Data shown:

[Start of section]

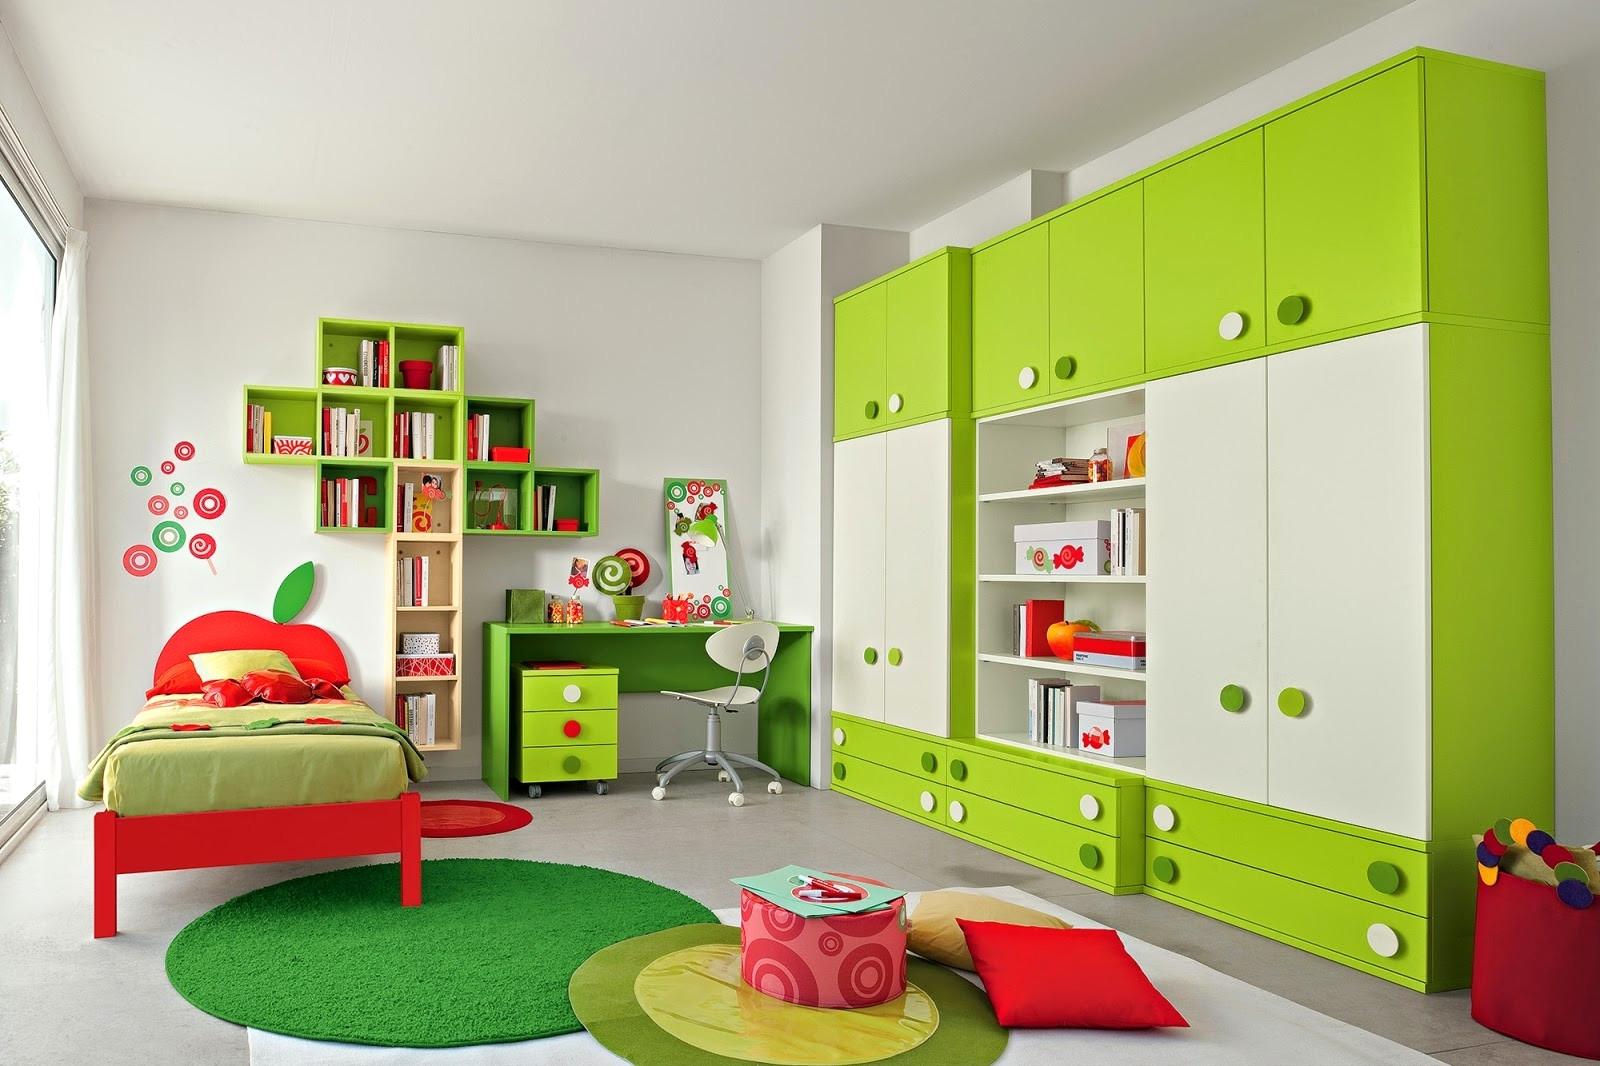 بالصور غرف نوم للاطفال , احدث ديكورات غرف اطفال 4573 11
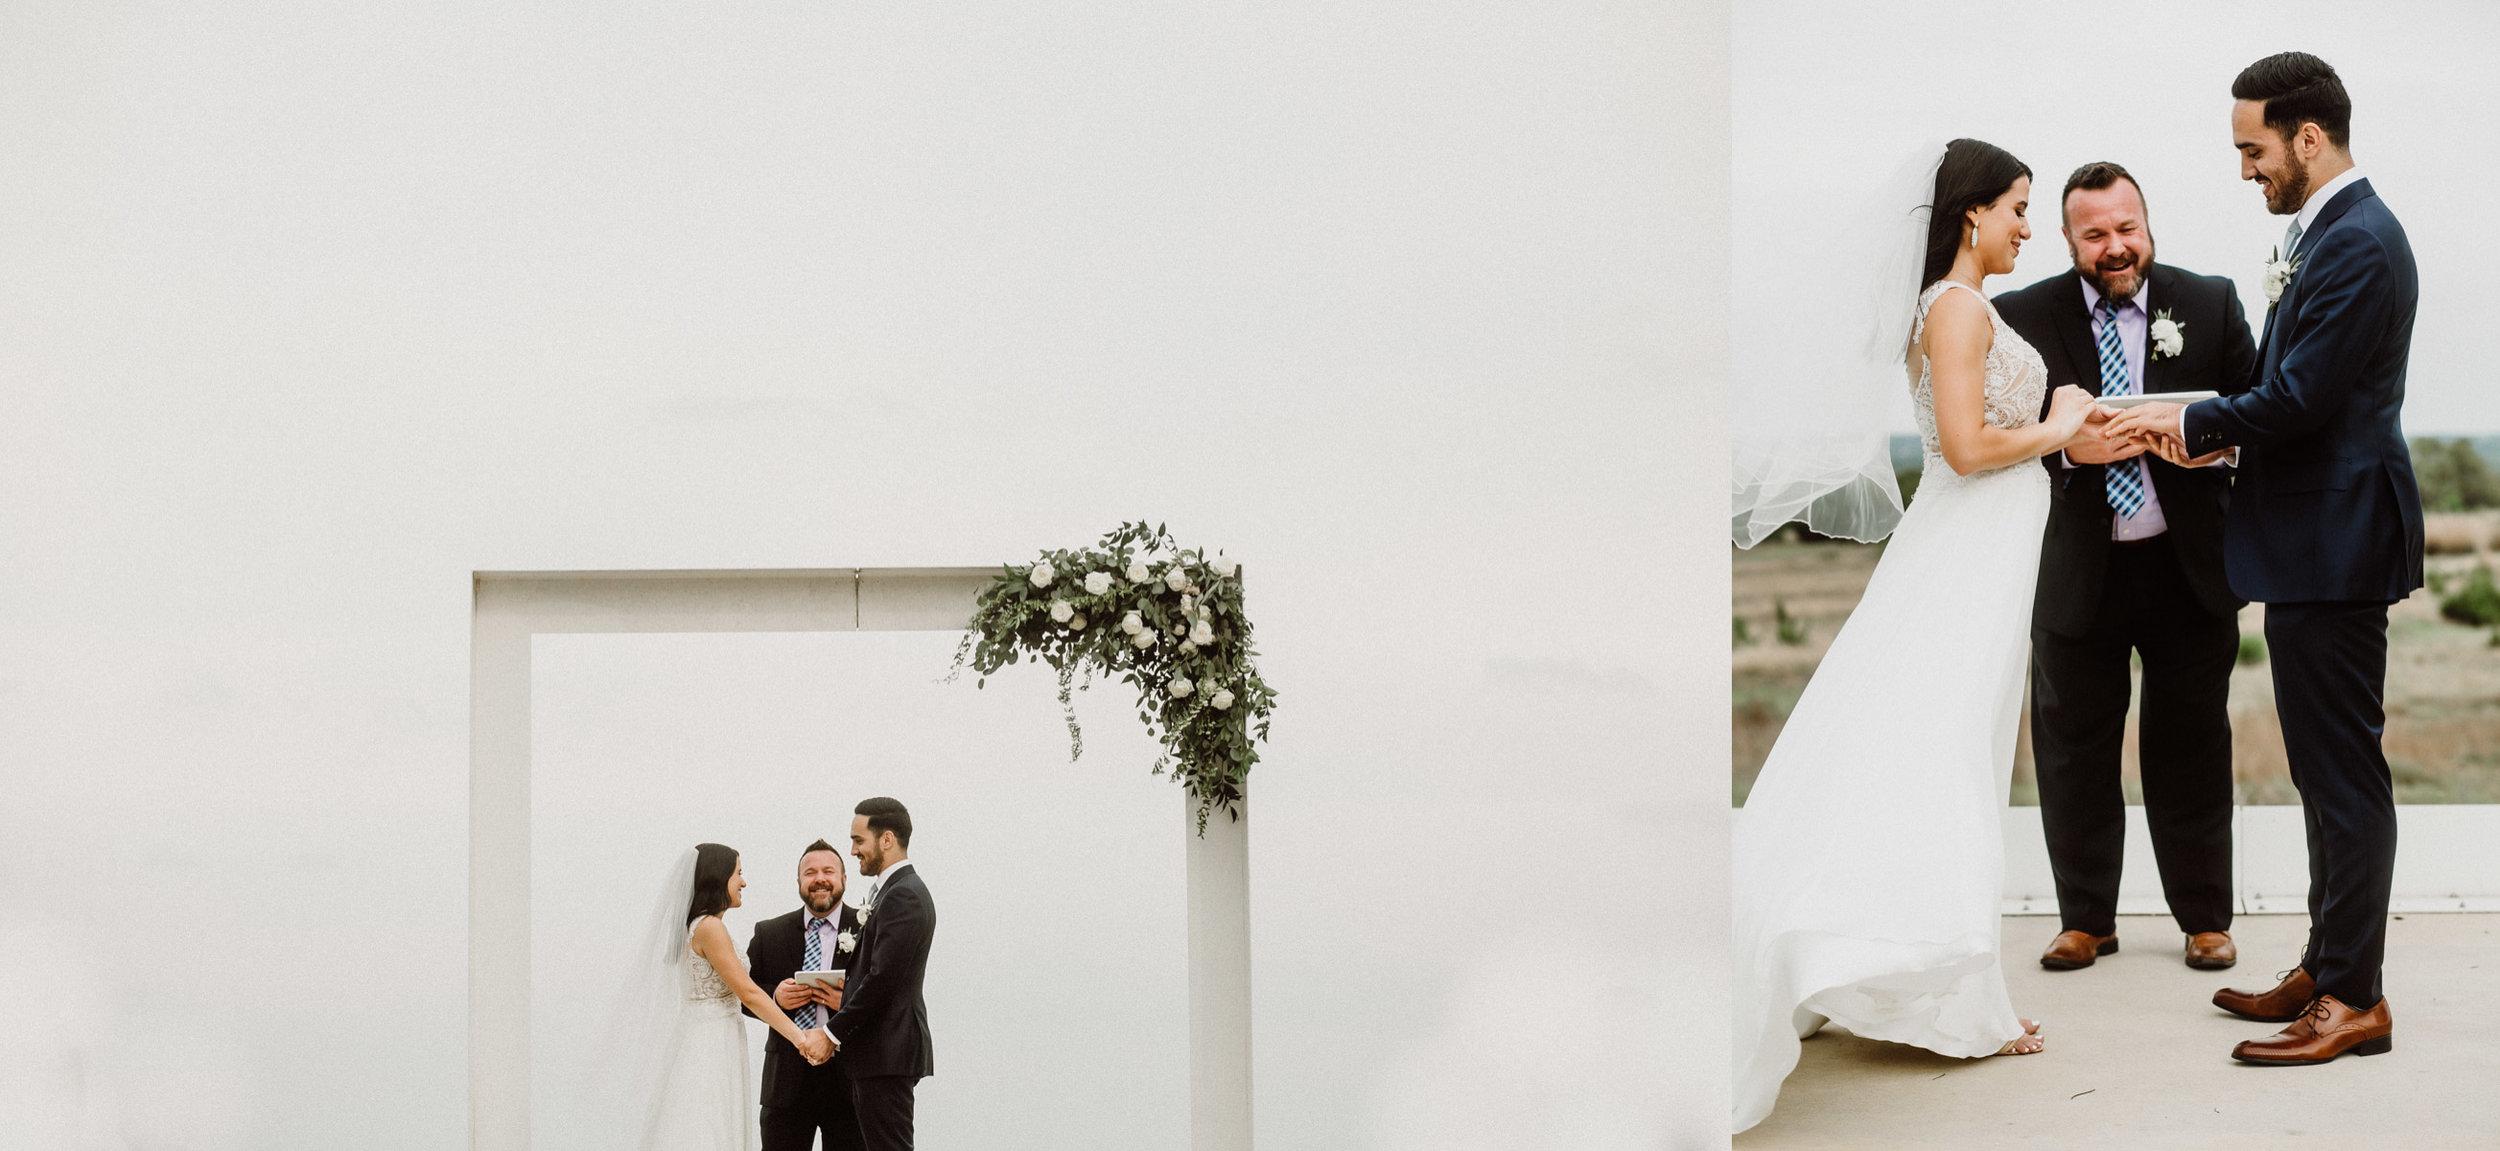 prospect-house-wedding-8.jpg
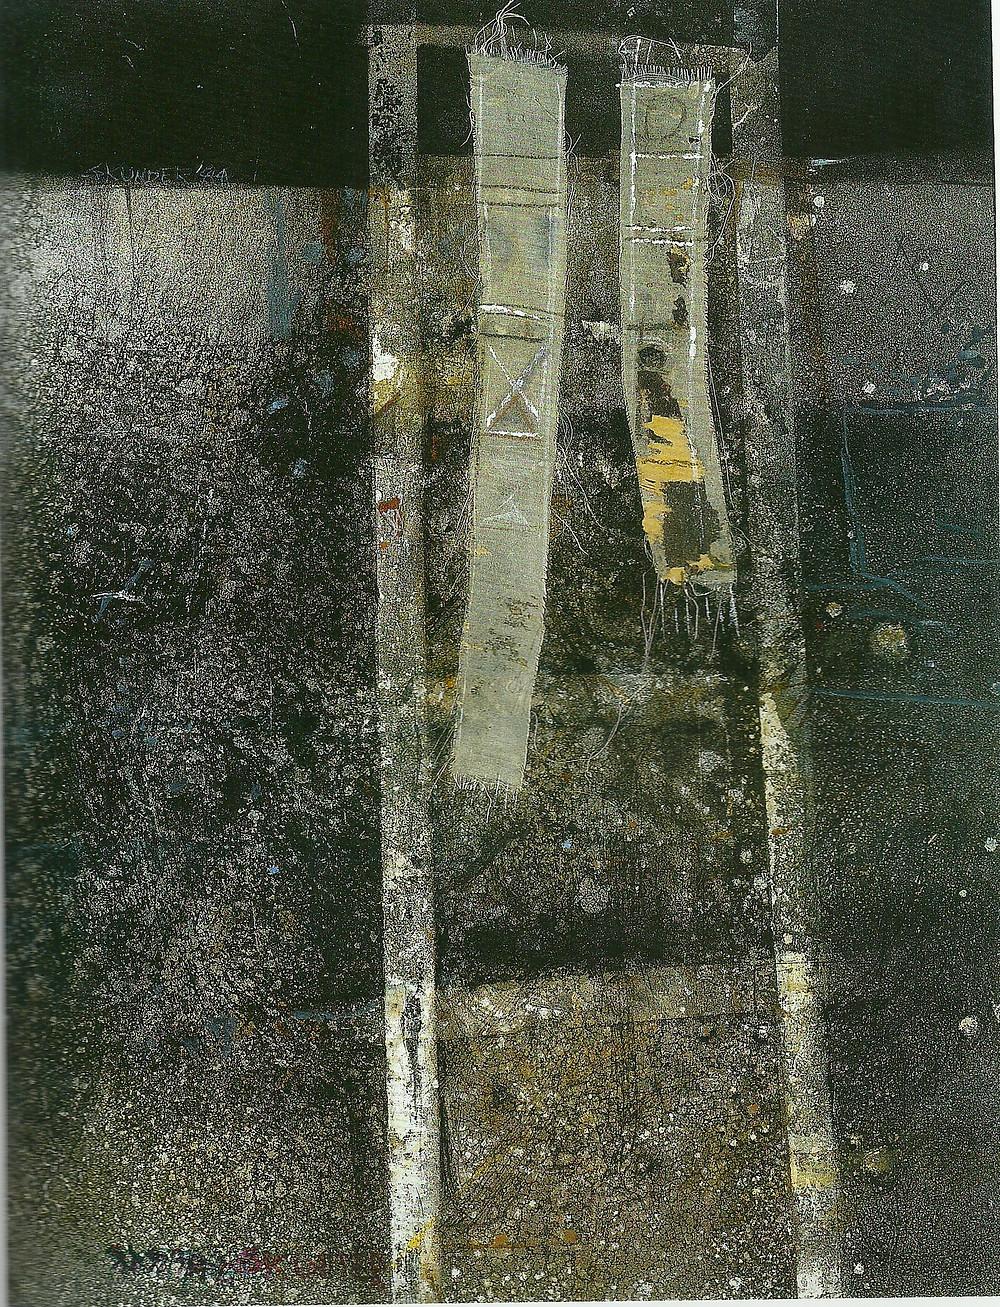 Skunder Boghossian, Jacob's Ladder, Mixed media on paper, 66X59, 1984
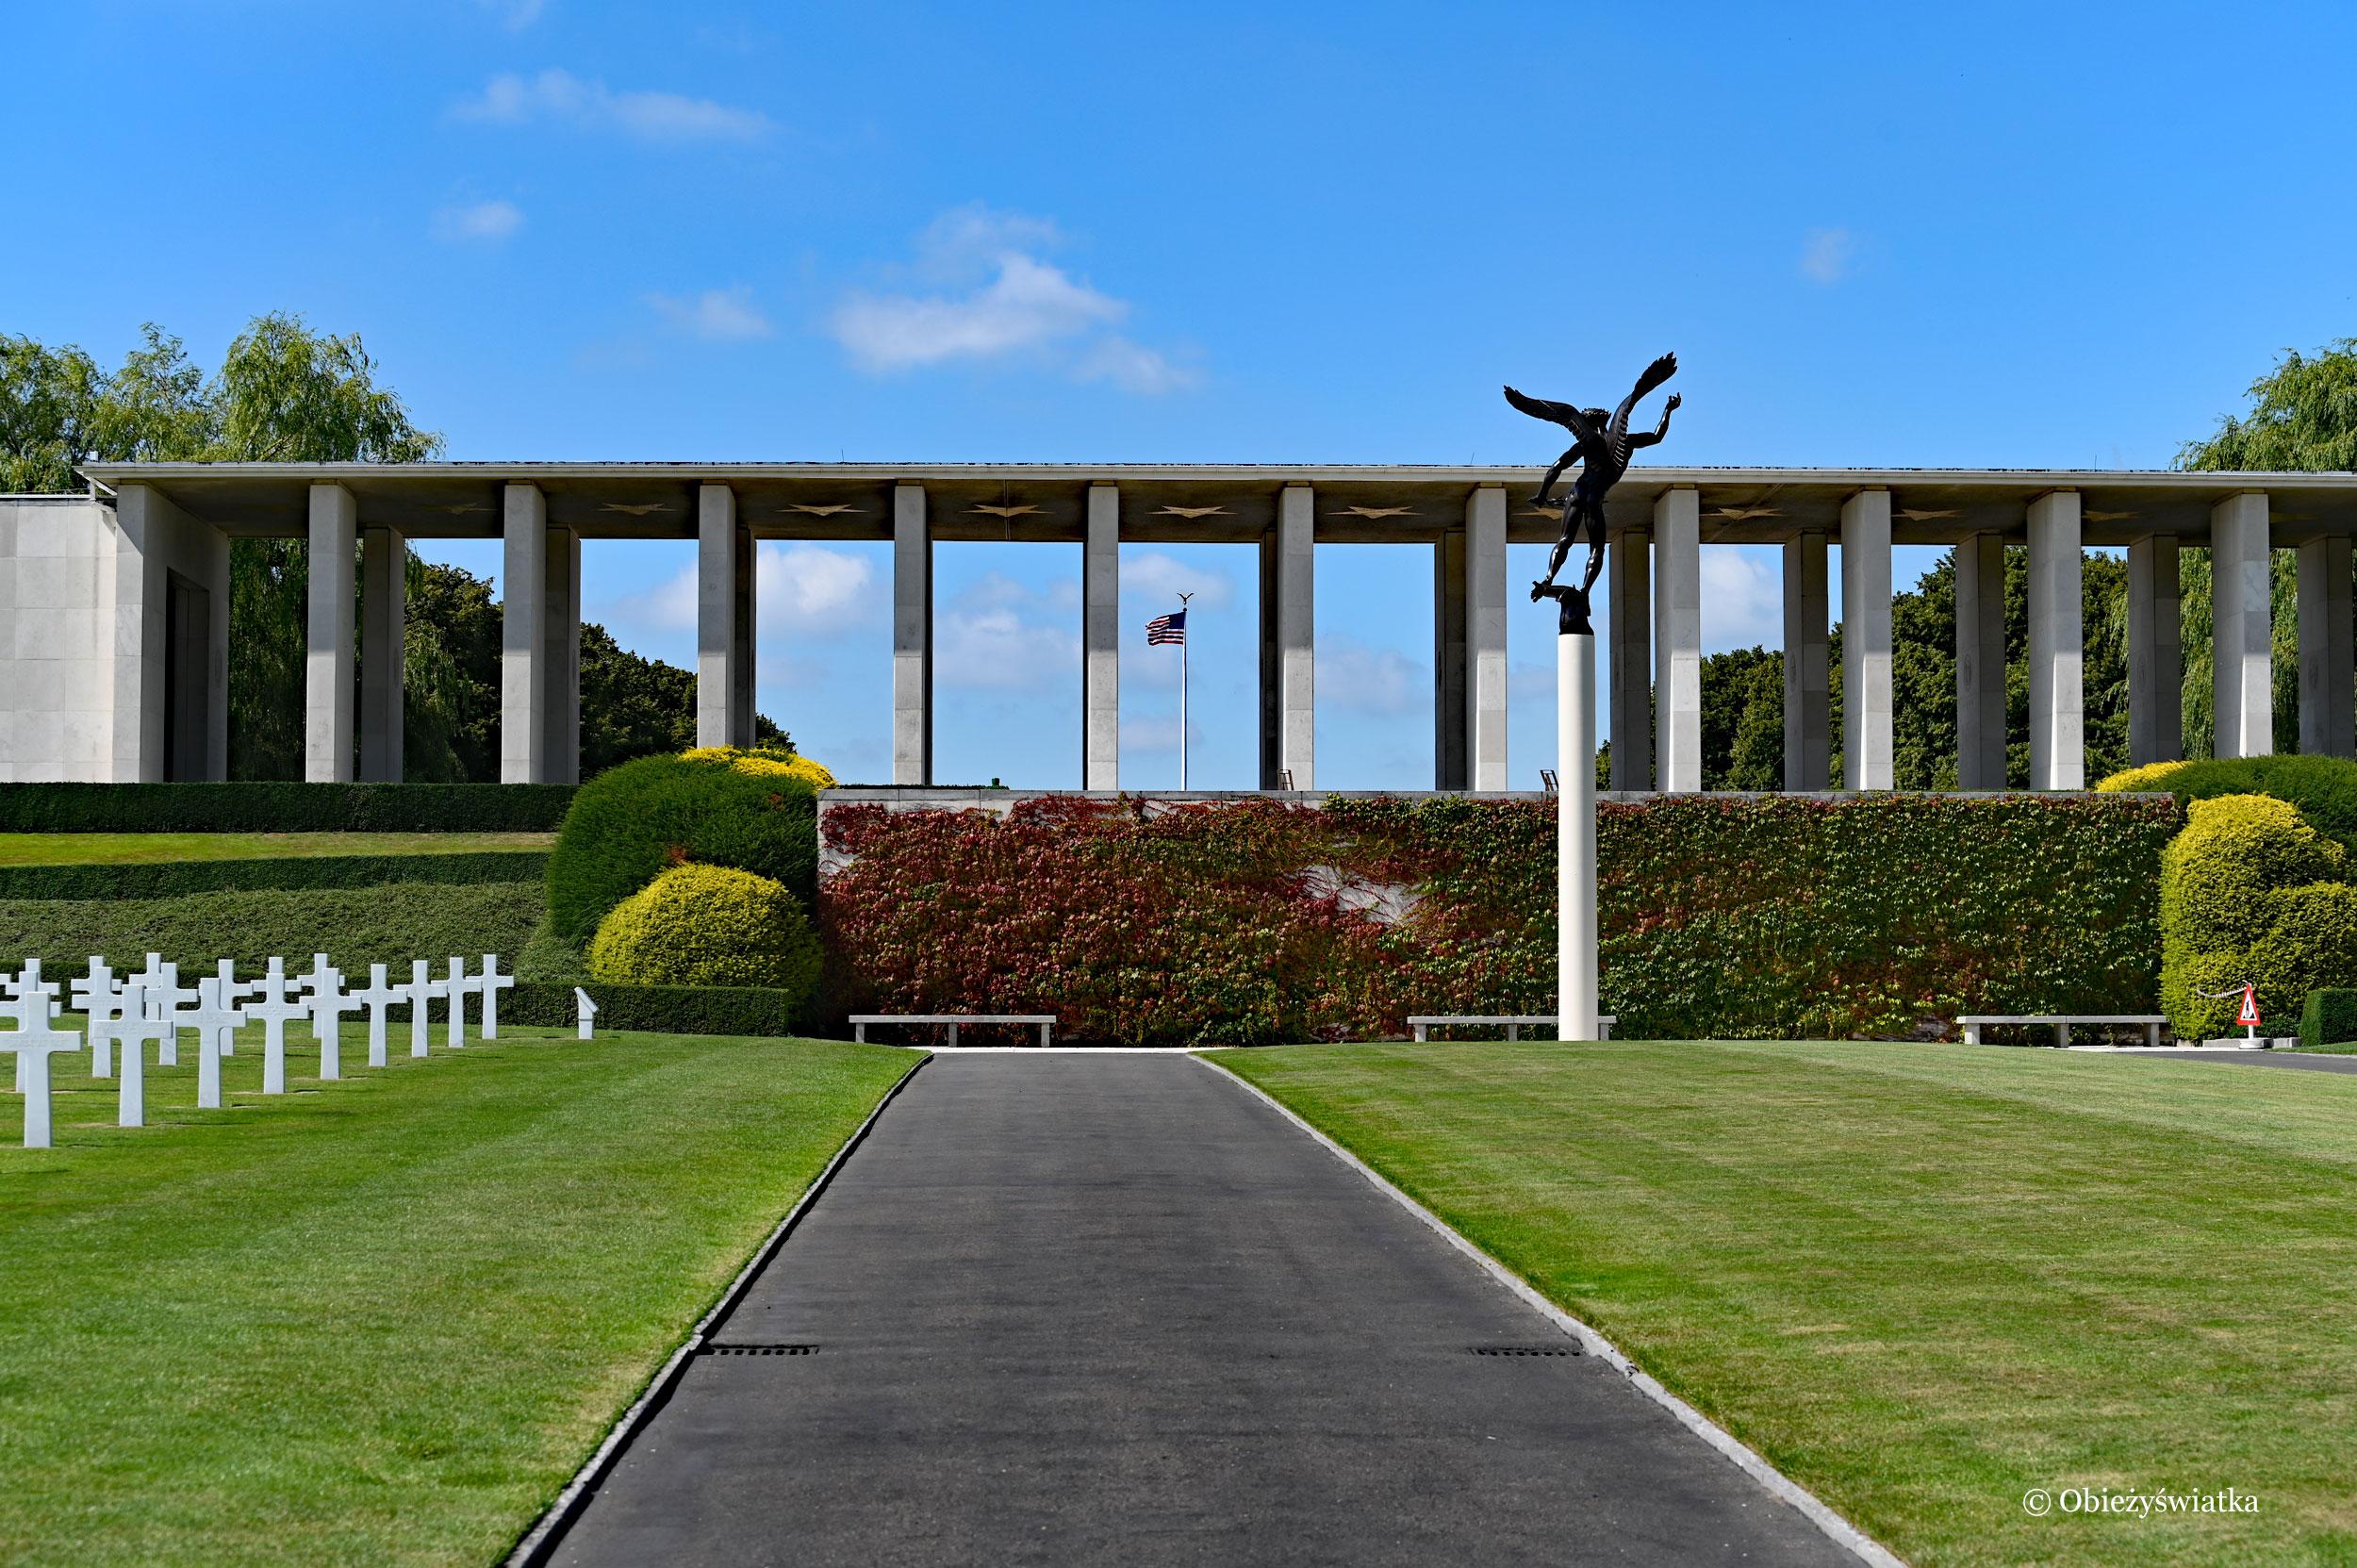 Na cmentarzu - American Cementery and Memorial, Belgia

[End of section]

Pictures are not part of the answer, which must be the exact lines from the one holding "prospect-house-wedding-8.jpg" through the end of the material, both ends included.

 prospect-house-wedding-8.jpg
 Skunder Boghossian, Jacob's Ladder, Mixed media on paper, 66X59, 1984
 Na cmentarzu - American Cementery and Memorial, Belgia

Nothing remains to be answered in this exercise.